Local story. Worldly implications.
I've been following this story from the first moments of coverage. Now it looks like it is coming to an end.
Quick recap for those who don't like clicking:
Early on January 20th, 2007, three Palestinian students were beaten by Guilford College athletes (football players) as the athletes used anti-Muslim slurs. Two of the students went to Guilford College; the other one was visiting from NCSU.
Since then, the coverage has waned and the story itself has fizzled into the world of "um, okay, whatever." As the stories of what happened started to clash, divided camps emerged. The FBI was looking into possible hate crimes.
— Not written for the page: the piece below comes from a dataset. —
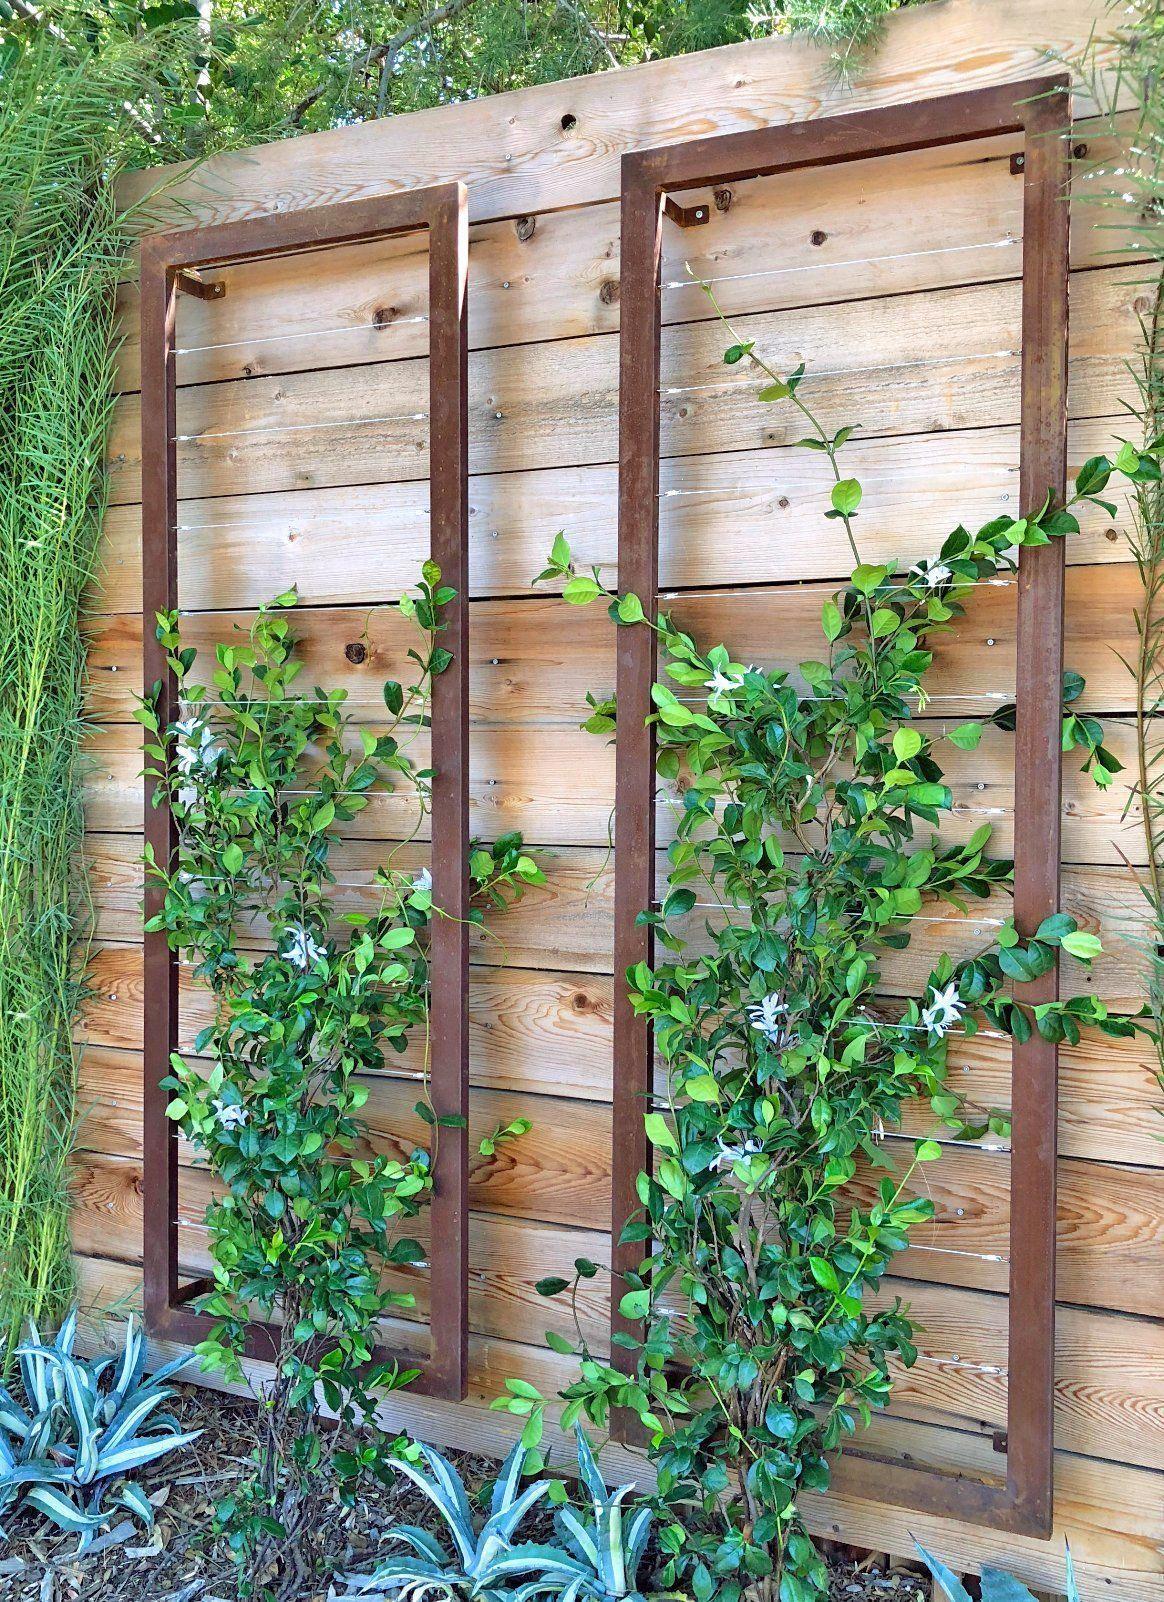 Ina Wall Trellis Sr Backyardgarden Modern Garden Trellis Wall

Those who saw the issue as an overall culture of violence became active and NCSU hosted a Stop the Hate public forum to openly discuss the issue. Students walked out of class in protest. A Guilford College professor spouted off in the local paper. And the right wing took some suspicious characters on campus asking about the football players as Muslim Hit Squads.
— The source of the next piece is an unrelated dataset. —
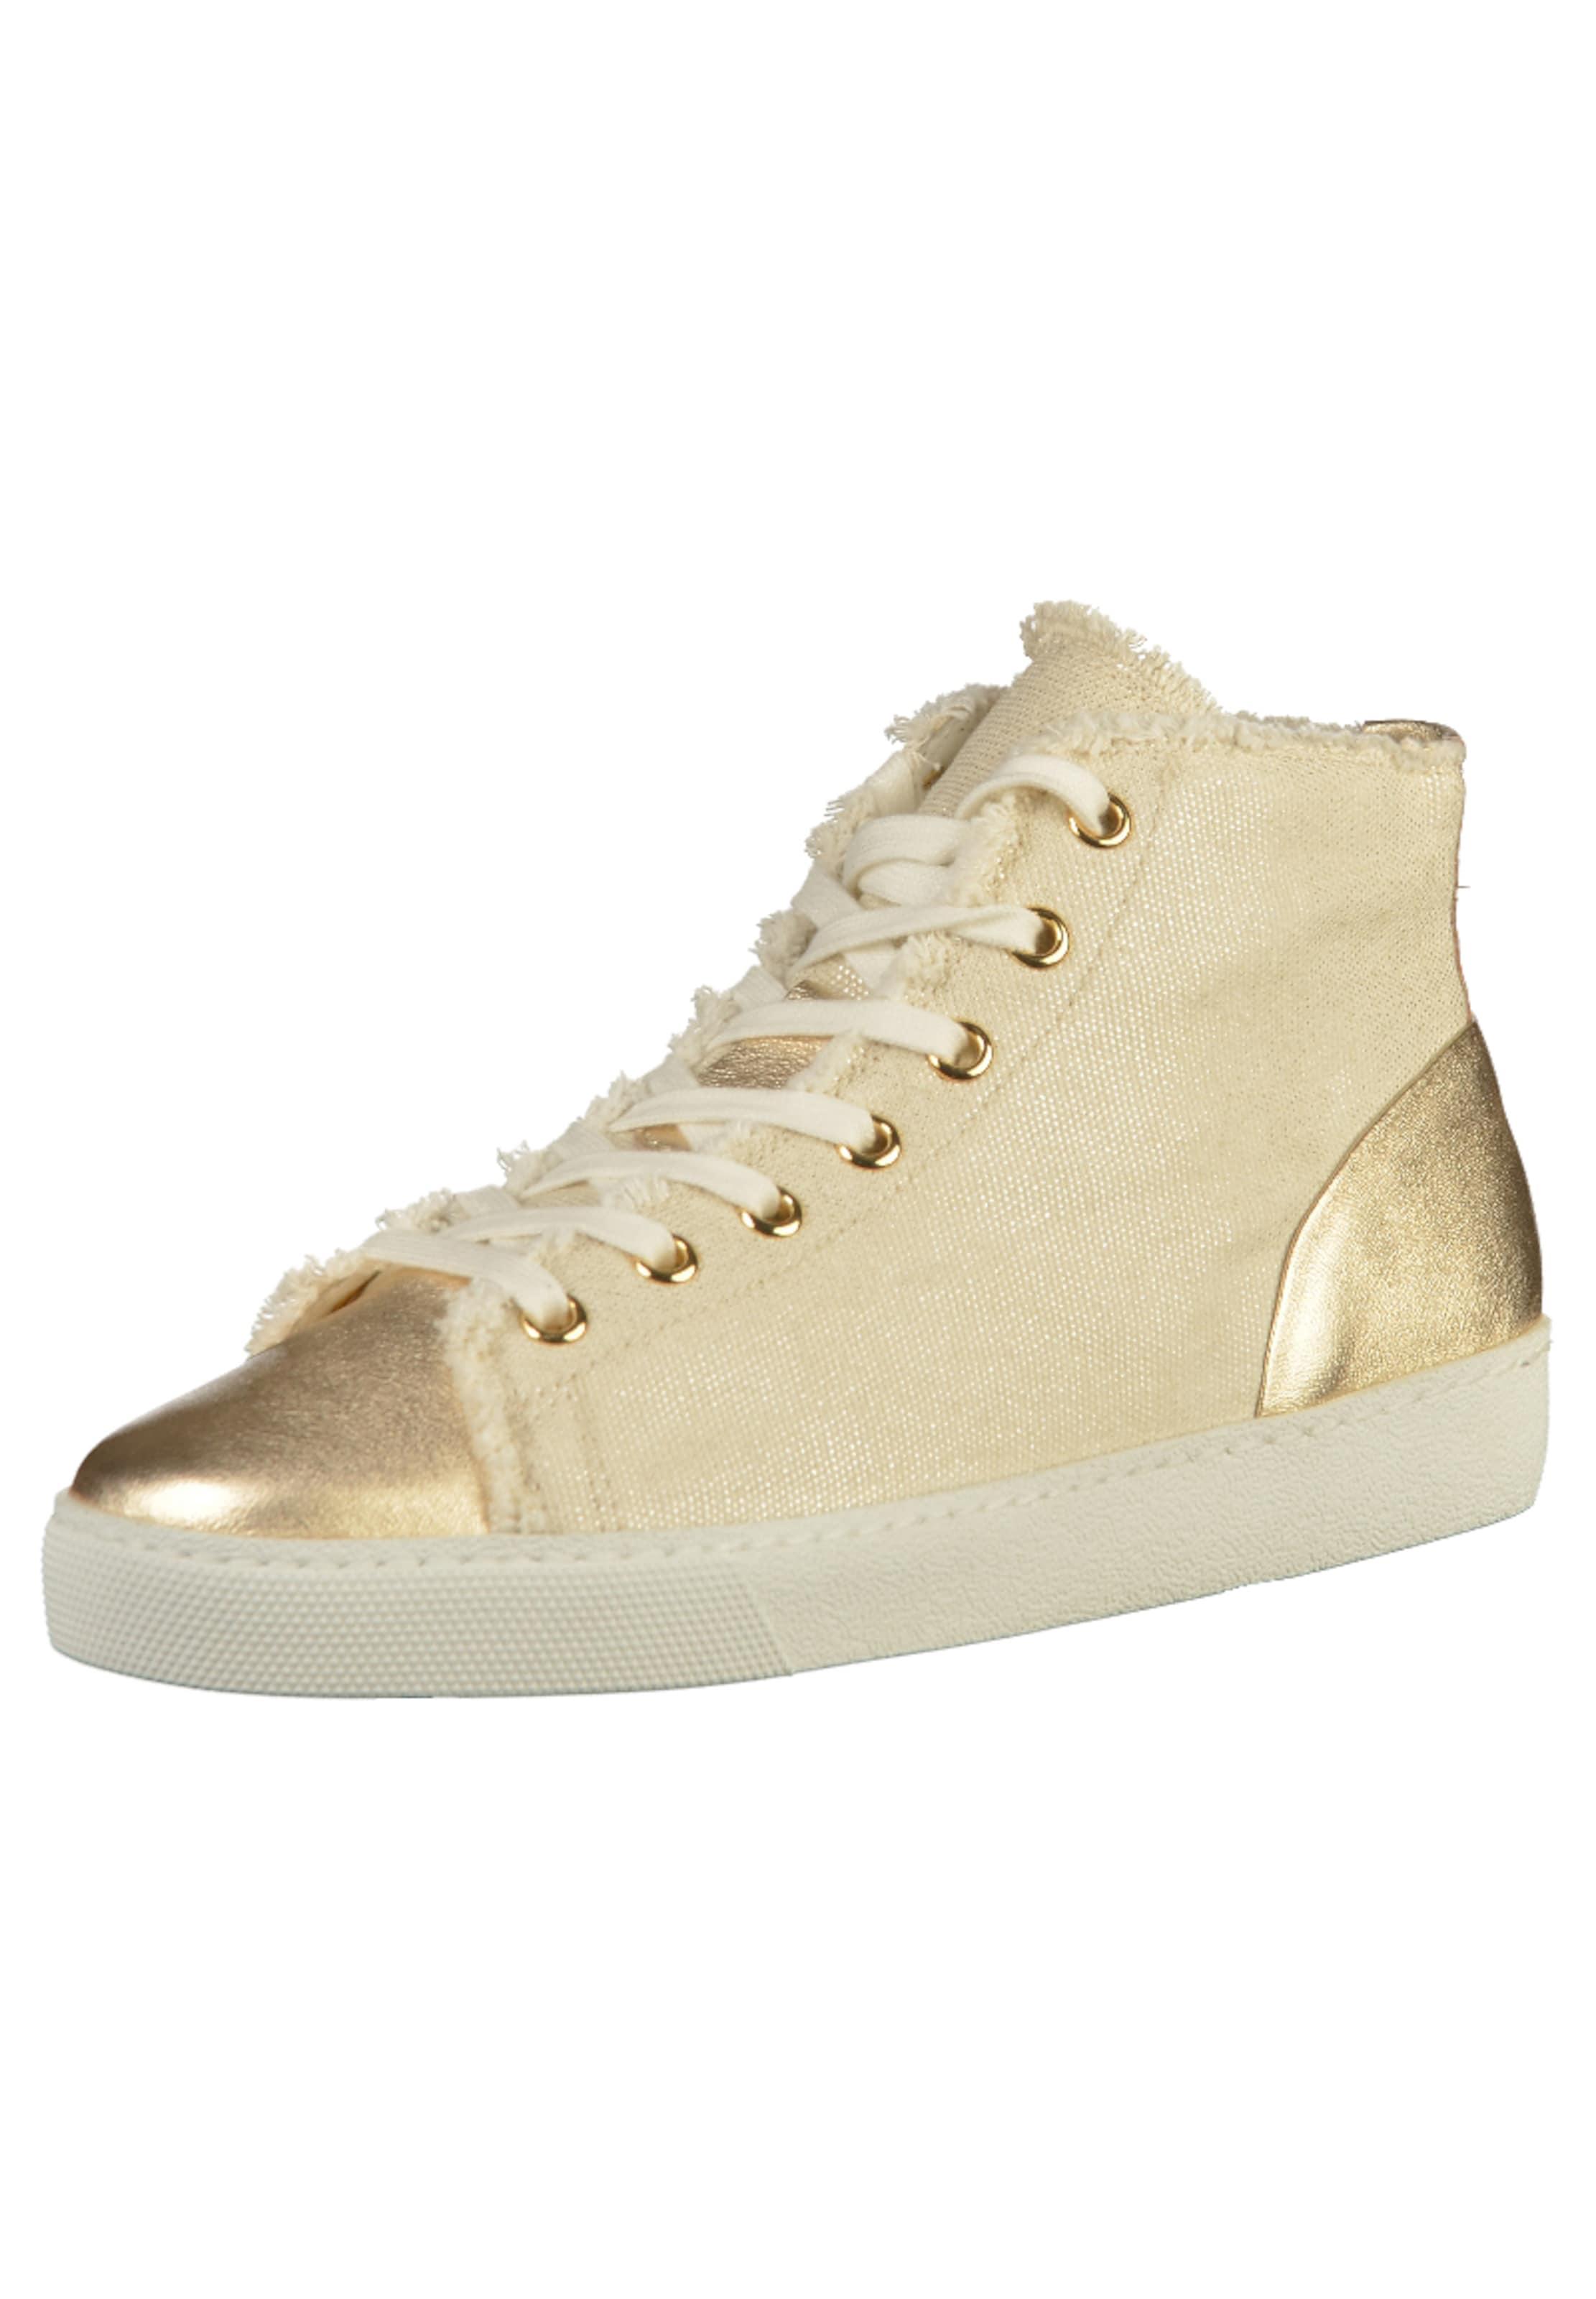 Högl Sneaker Günstige und langlebige Schuhe

Finally, the Greensboro Police finish their probe, saying they haven't found any further information. Six students faced charges of assault and ethnic intimidation. But the DA was waiting on Guilford College to conclude their investigation. And waiting. Greensboro police drop the charges on two of the students because - according to the assaulted students - they did not participate in the beating. Guilford College finally has something to say about the "Bryan Hall Incident." As of last week, the Palestinian students have offered to drop the charges if the athletes would apologize. Three of the four football players have done so. One is left.
What happens to a story, to a case that starts with football players beating on minorities, using racial slurs, FBI, college, and police investigations that turns it into the jello-kneed "um, sorry" that it has become? Why am I disappointed that everyone took some time off, reflected on the situation, and cooler heads prevailed?
Because I smelled blood. Because I was picked on by football players in my younger years. Because I burst into a shrapnel-spitting anger-ball when ignorant bigotry rears its ugly head.
Because I don't know that this is the best result. It is clearly the best result for those involved: Palestinian kids look good, football players verbally repent, and it's over. But is it the best result for the viewers, the attendees in the bleachers trying to glean a lesson from this?
I guess so. Why? Because any ignorant person who needed to learn a lesson (whether that humility or jail time result from ignorance) dismissed the story with a "Fuckin' Ay-rabs" and flipped back over to WWE the day it broke. The people still watching already know the lesson, but the stands are almost bare. Everyone's long gone, hot dog parchment paper blows past three Palestinian kids in the middle of the muddy field, and --
Holy shit! No more Comedy Central on YouTube? What the hell, dude?